Task statement: The listing below is to be written out word for word, minus its images.

Data below:
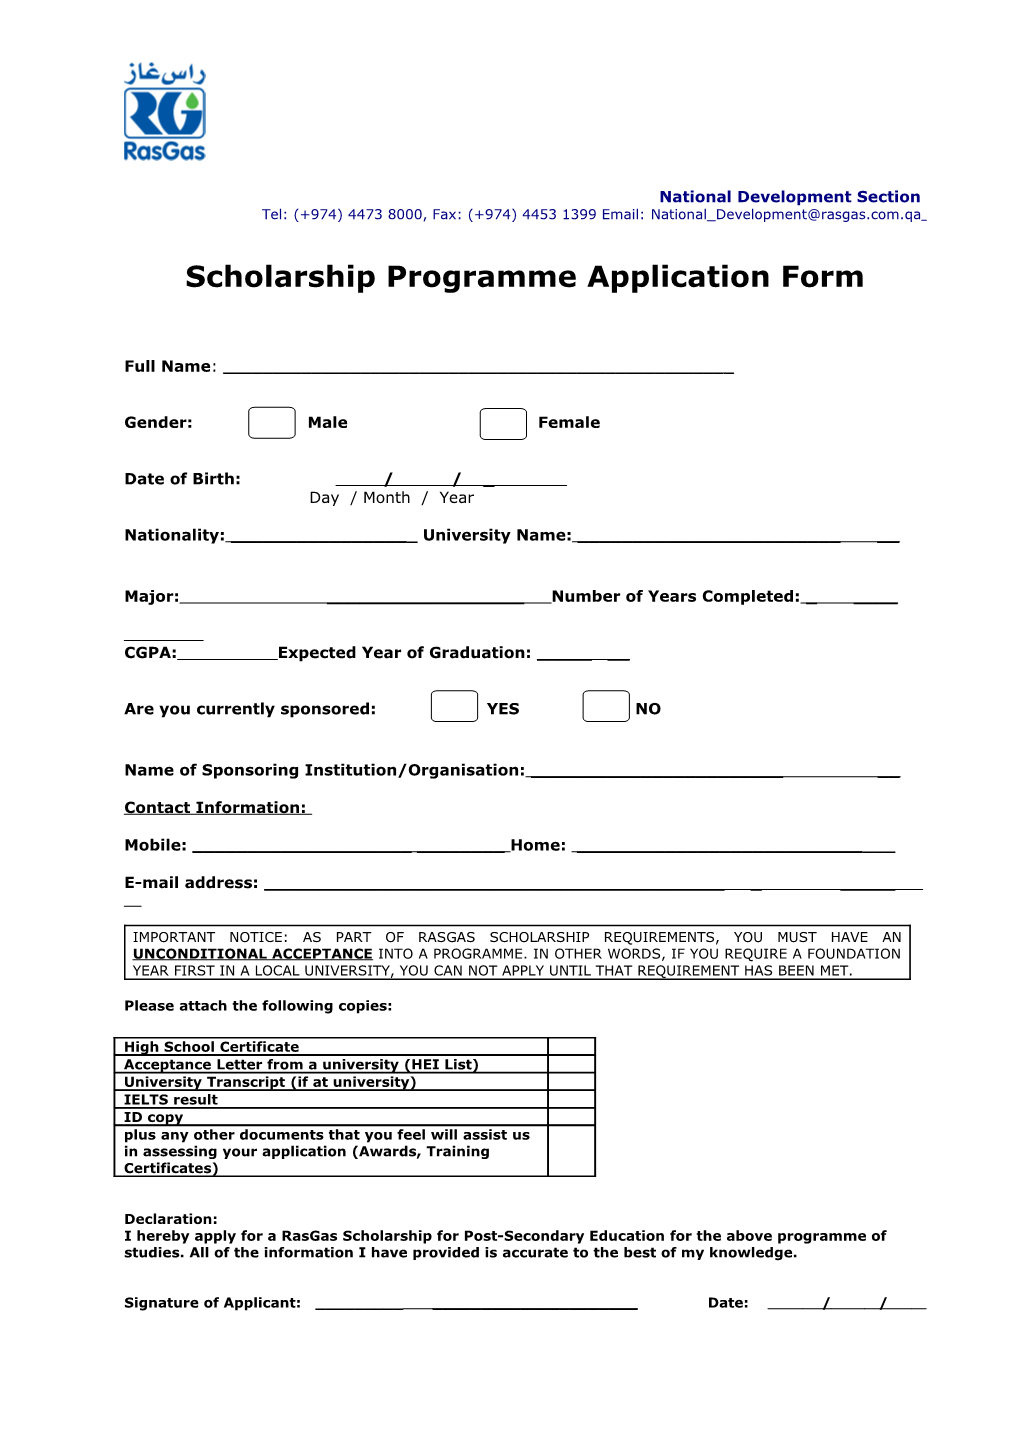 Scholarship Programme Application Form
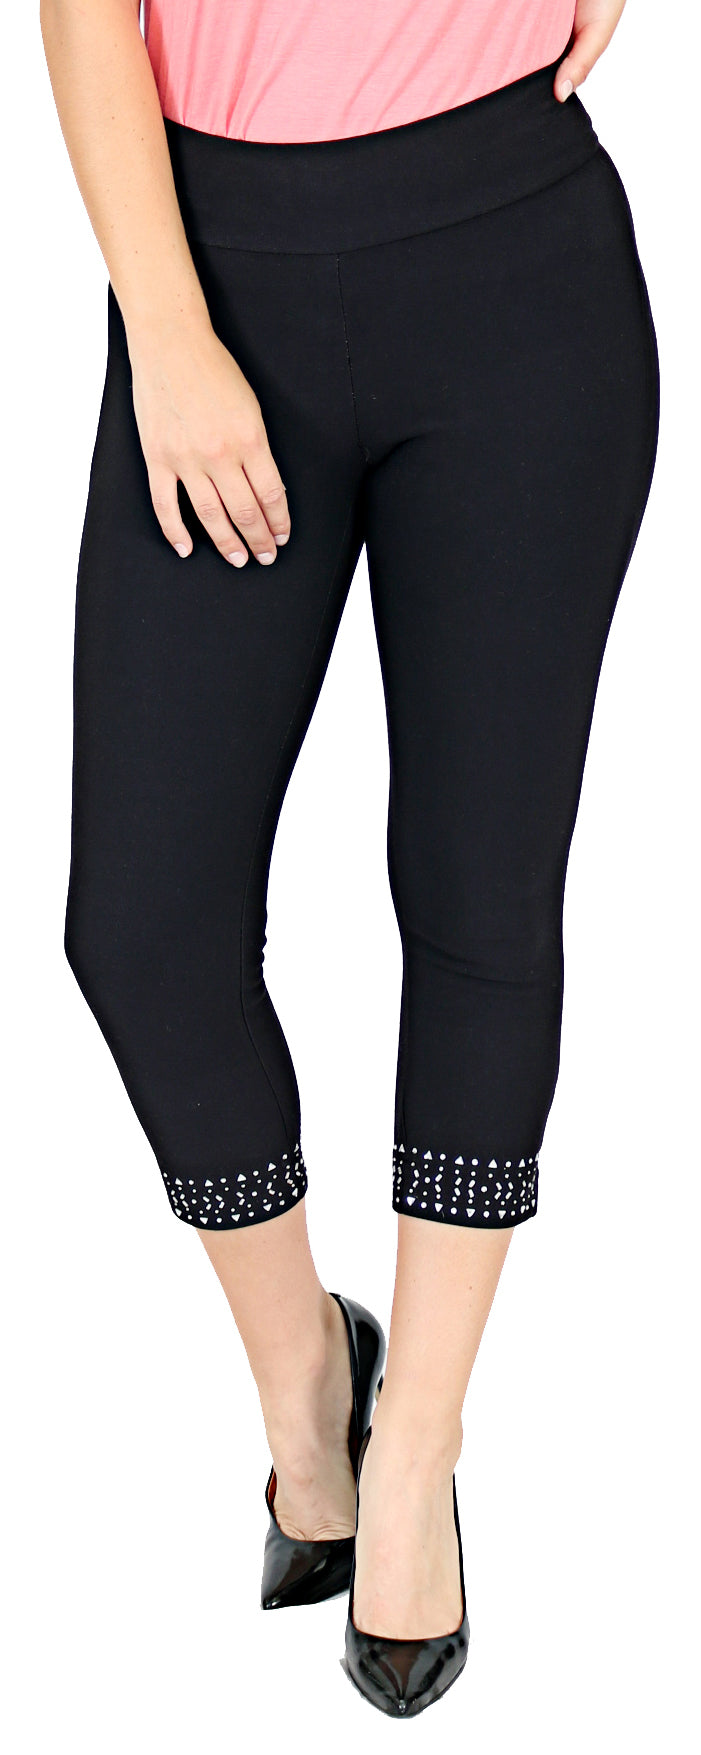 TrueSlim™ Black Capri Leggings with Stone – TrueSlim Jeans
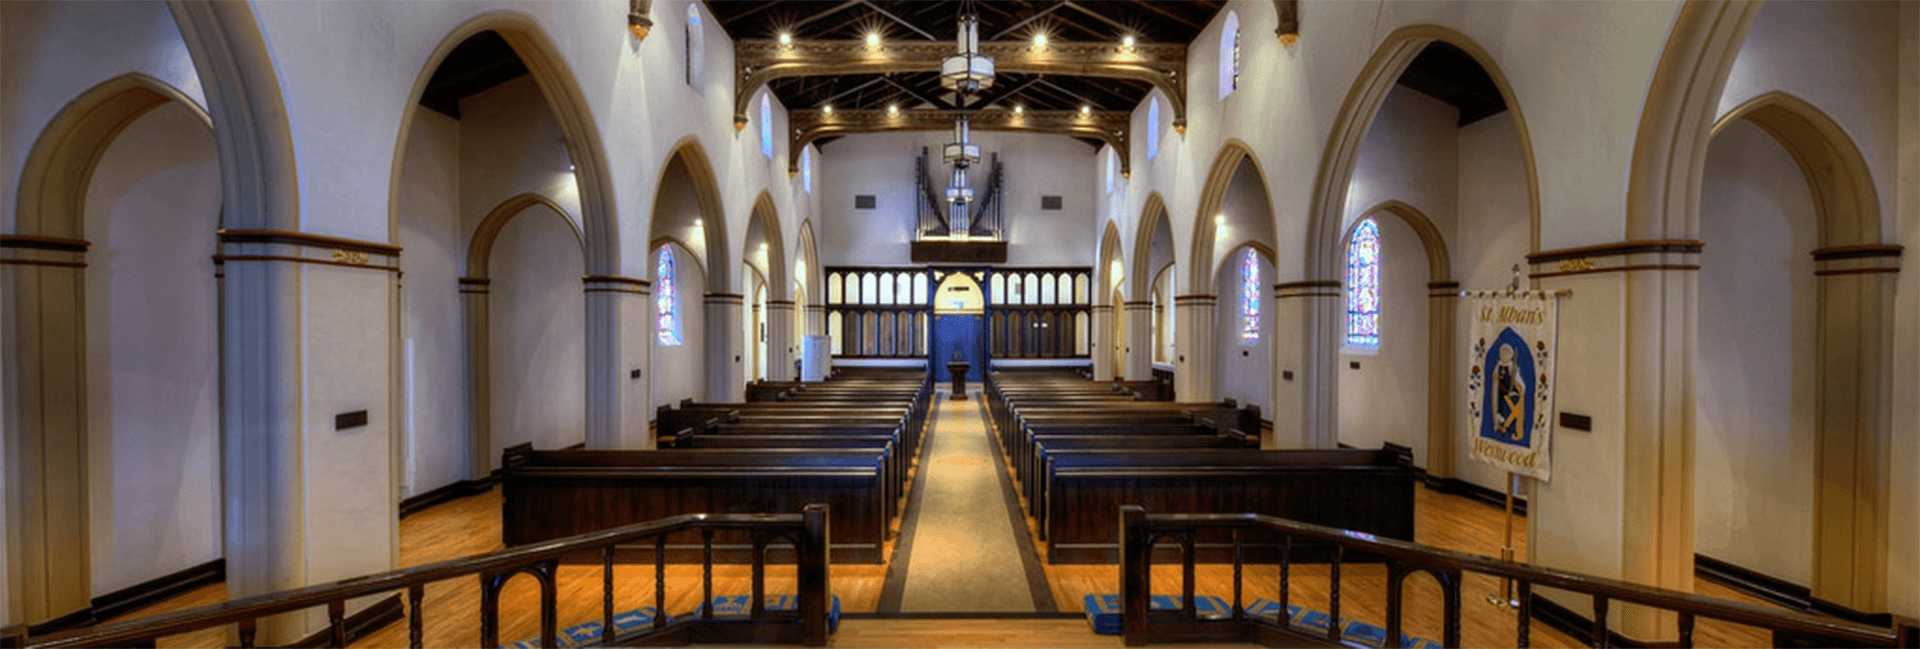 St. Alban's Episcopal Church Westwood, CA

Task answer:
 Scholarship Programme Application Form
 TrueSlim™ Black Capri Leggings with Stone – TrueSlim Jeans
 St. Alban's Episcopal Church Westwood, CA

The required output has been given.